## Data shown
---

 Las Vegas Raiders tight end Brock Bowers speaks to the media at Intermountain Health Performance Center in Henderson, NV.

---

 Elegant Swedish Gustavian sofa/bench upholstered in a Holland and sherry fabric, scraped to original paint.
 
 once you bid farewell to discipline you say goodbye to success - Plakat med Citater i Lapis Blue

---

Give back exactly the lines above, from the line containing "Elegant Swedish Gustavian" through the line containing "once you bid", with both end lines and nothing more.

## Answer for this exercise
 Elegant Swedish Gustavian sofa/bench upholstered in a Holland and sherry fabric, scraped to original paint.
 
 once you bid farewell to discipline you say goodbye to success - Plakat med Citater i Lapis Blue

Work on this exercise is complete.